The principle that we are being taught is that one is supposed to pray for things
to happen in a natural way. Praying for miracles that don't conform to the natural
systems is prohibited. The story of Elazar ish Birtah, told in Ta'anit (24a) is
a striking illustration of this principle. After Elazar ish Birtah gave most of
the money he had saved for his daughter's dowry to a pressing charity need, he
purchased a small amount of wheat with the remaining money, which he threw into
the grain storehouse. The wheat increased miraculously, making him a wealthy man.
Yet he wouldn't let his daughter take more wheat than she would have been entitled
to as a normal recipient of charity. Rashi explains the reason, "Since it was
the product of a miracle, and it is prohibited to have benefit from something
produced miraculously." (The fact that miraculous solutions are frowned upon is
also demonstrated quite dramatically in the Gemara (Shabbat 53b), which tells
the story of a newly widowed man who couldn't afford a wet nurse for his infant,
and miraculously grew female breasts to nurse the infant.)
Why is it so important for the world to operate within a system of natural laws?
Why must our prayers seek solutions to our problems specifically within the natural
system?
The Alter of Kelm offers the following explanation. G-d created and runs the world
within a system of nature, creating the impression that everything runs on its
own, with no intervention on His part. The challenge of man, the main "work" he
has to do in the area of his belief system, is to understand and integrate the
reality that the world is run by G-d, with His ongoing supervision and interaction.
In a world that operates within consistent laws of nature, it is difficult for
man to feel that he is in the hands of G-d. Prayer is the vehicle by which he
concretizes in his mind and in his heart that all his needs are provided to him
by G-d, with personal attention and direct intervention. What man asks from G-d
in his prayers enables him to internalize that all that comes to him through the
natural system is really being provided by G-d. This is the purpose of prayer,
and in fact it is how man serves and worships G-d in the area of his fundamental
belief system. The word for service and worship, "avodah" also indicates that
this is hard work, going against the inertia created by a casual and causal view
of the world through the eyes of nature.
Miracles contradict the entire purpose of prayer, which is to help man realize
G-d's control and intervention in the natural system. When a supernatural miracle
happens, it is clear that G-d has brought it about, and G-d's intervention is
clear. There is no need to pray for such an occurrence. In fact, prayer for a
miracle would raise all of the problems about prayer that we had discussed above.

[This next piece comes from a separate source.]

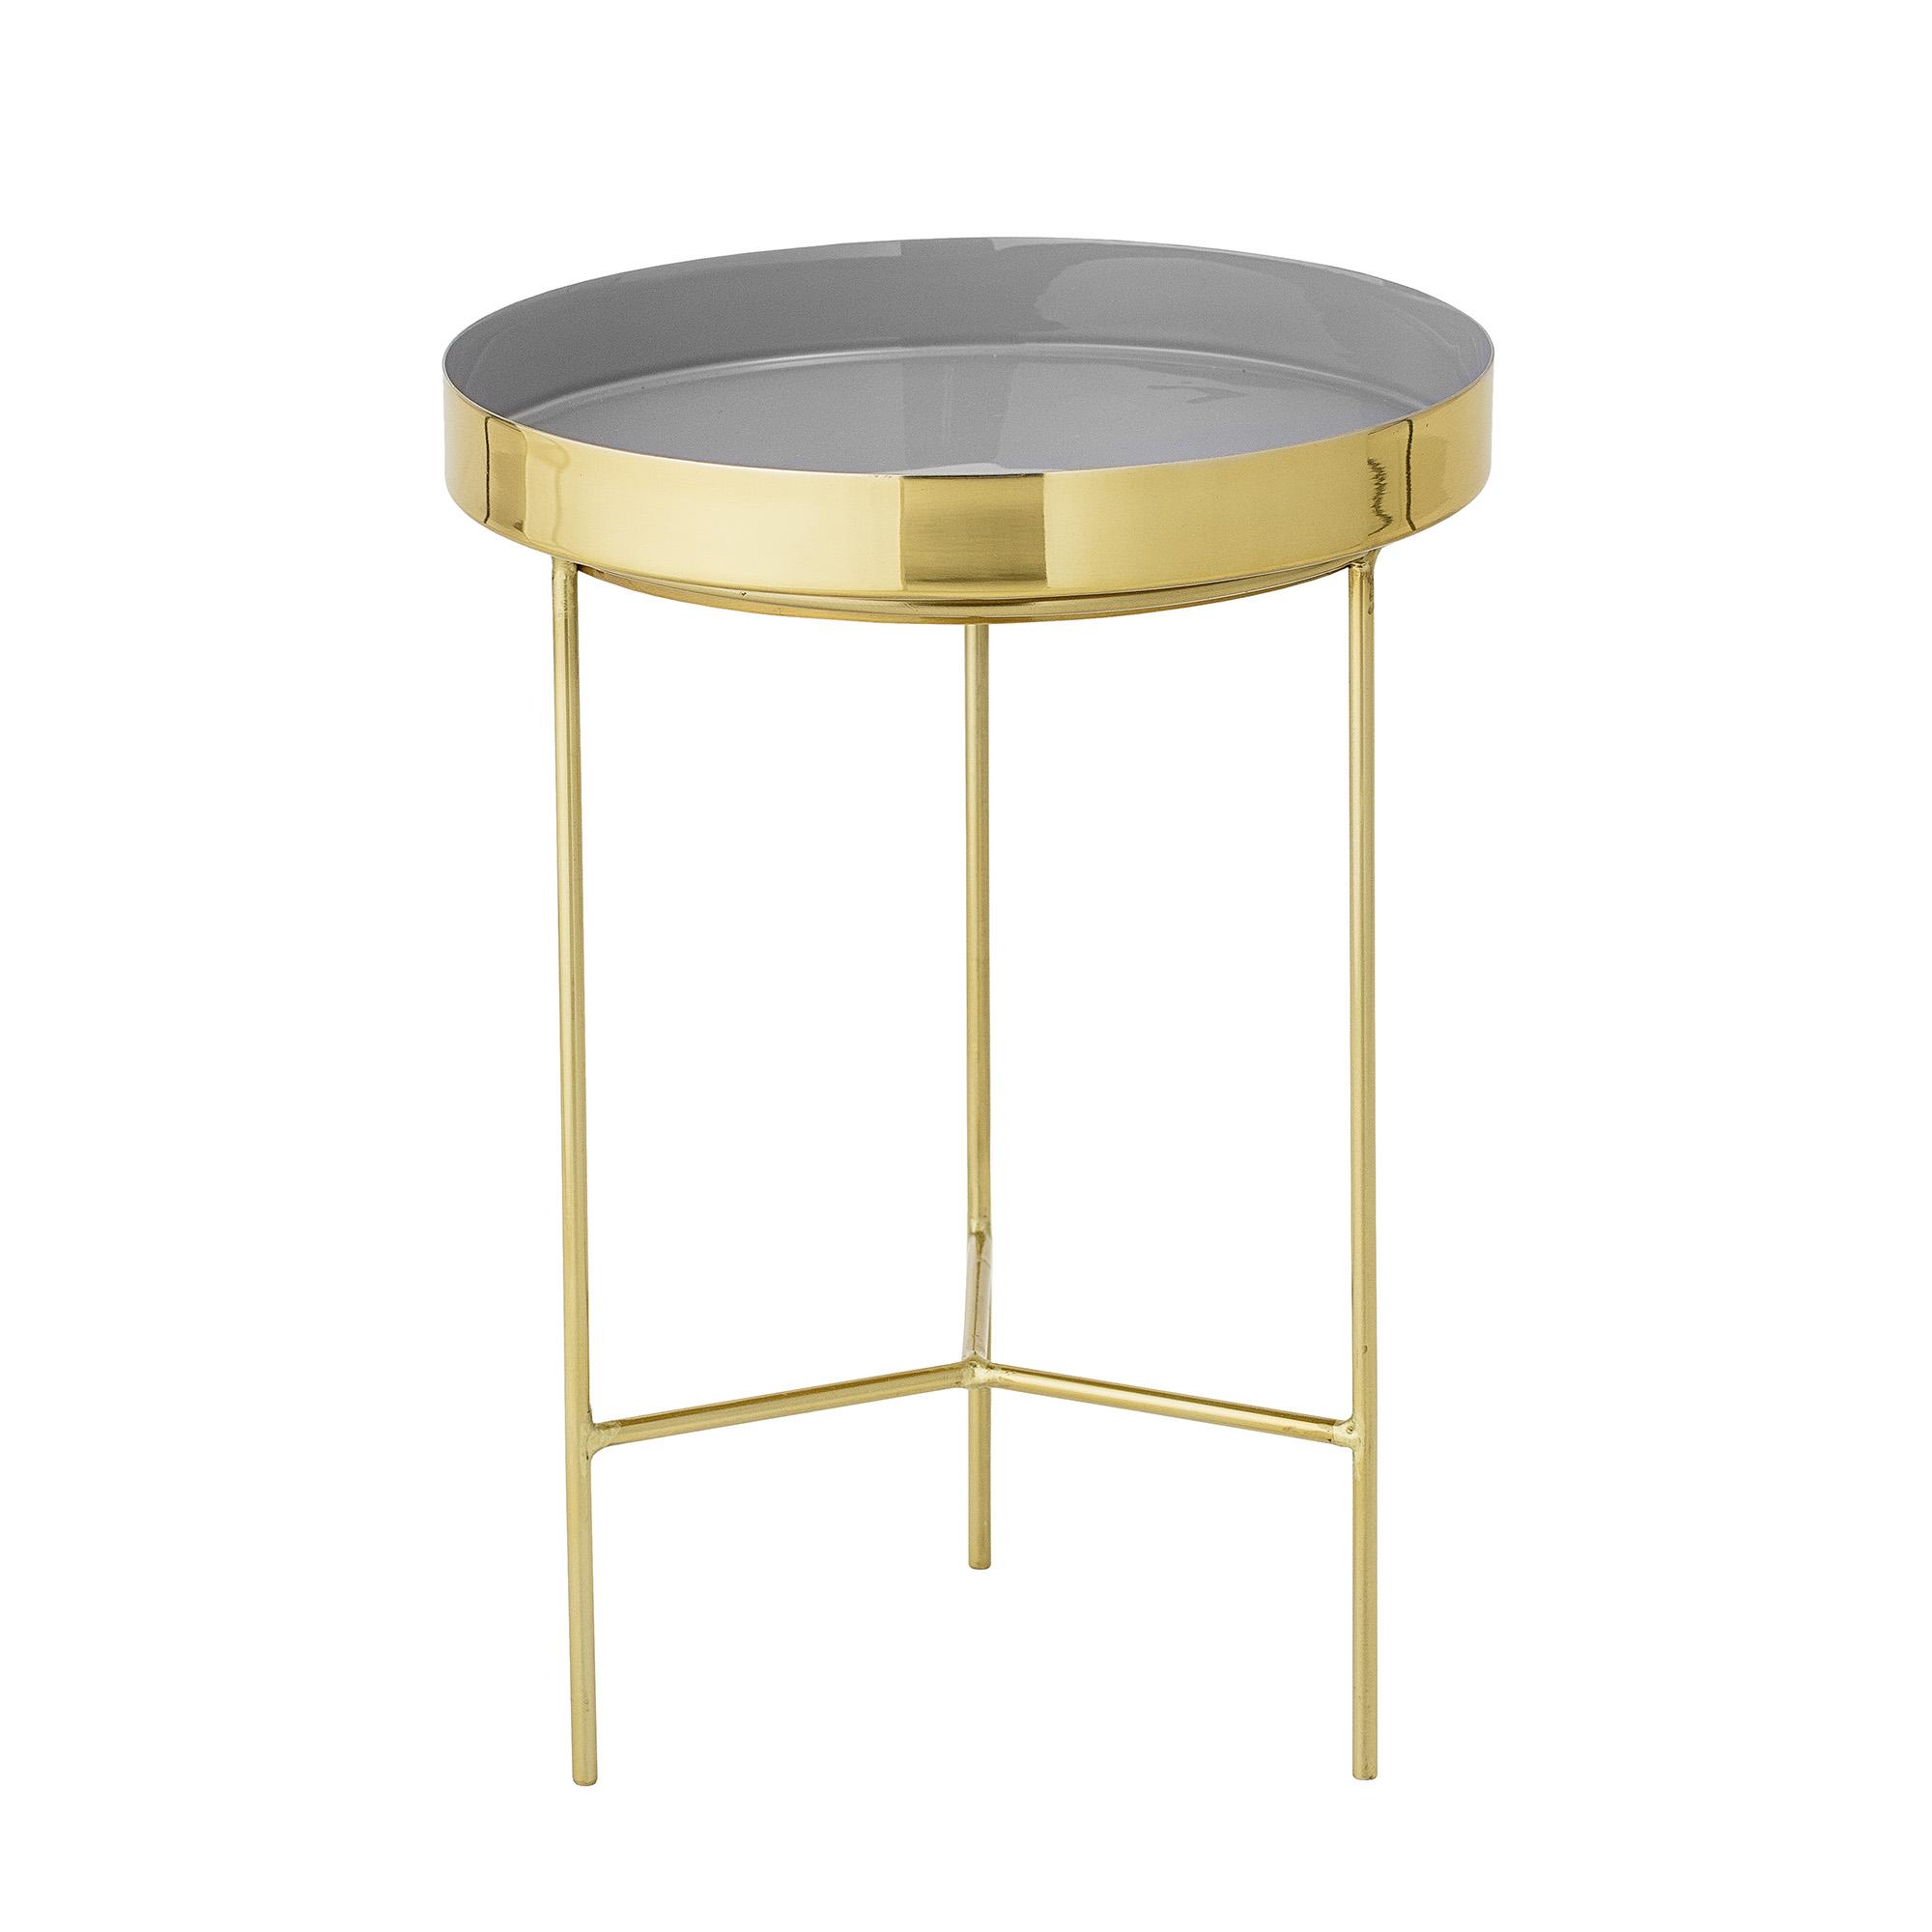 bloomingville Bloomingville sola bakkebord - grå/guld aluminium/stål, rund (ø30) fra boboonline.dk

Since G-d has brought man to the situation he is in, what right or reason should
man have to ask G-d to change it? G-d will certainly do what He deems in man's
best interests. We pray to G-d for rain when it is not brought, we pray to Him
to heal an illness or provide more money, only to concretize within our hearts
and minds that he controls nature, and that "natural" occurrences are really in
his hands on a very direct basis. But what role would there be for prayer which
asks for a miracle, in which there is no question that G-d is in control of the
system and intervenes in it? This has to be left for G-d to choose if He wishes
to intervene in a way that leaves little choice but to recognize that intervention.
The real difference, then, between miracles and nature is that the former is obviously
the hand of G-d, while the latter is His hidden hand, with man required to recognize
G-d's control and intervention when it is not obvious.
An analysis of the way Chazal structured Chanukah, along with the conflict with
the Greeks, will help us understand this distinction more clearly.
There is a famous question of the Beit Yosef (Orach Chaim 670). Since there was
enough oil to burn for one day, how come Chazal made Chanukah for eight days.
There was a miracle for no more than seven days!
Among the decrees the Greeks forced upon the Jews, there was one that was most
strange. "Write upon the horn of an ox: You have no part in the G-d of Israel"
(Breishit Rabba 2:5). With this decree, the Greeks acknowledged the existence
of G-d, and in fact, His being the G-d of Israel! So what were they trying to
accomplish? Forcing the Jews to write that they had a "part" in Him was really
the declaration that he isn't involved in attending to our needs, that the systems
of nature operate on their own within the material world, and that what happens
in this world is disconnected from the upper, spiritual worlds. This decree reflected
the fundamental point of conflict between the Greeks and the Jews. Greece glorified
the supremacy of nature, the power of the physical, the value of externals. For
the Greek, G-d has no interest or ability in acting within the world's natural
systems, while man has no responsibility to act against his own natural systems
of drives and inclinations, with his instincts and physical drives governing his
behavior. The Jew stood for the reality that G-d controls nature. And it is man's
responsibility to control his own natural drives and instincts. Beyond the visible
world, there is a hidden, inner world. Man's development of this spiritual dimension
enables him to connect with the higher-level world of the Divine. The natural
world in which we reside is simply a vehicle through which G-d can reveal his
intervention and control, if man but chooses to recognize it.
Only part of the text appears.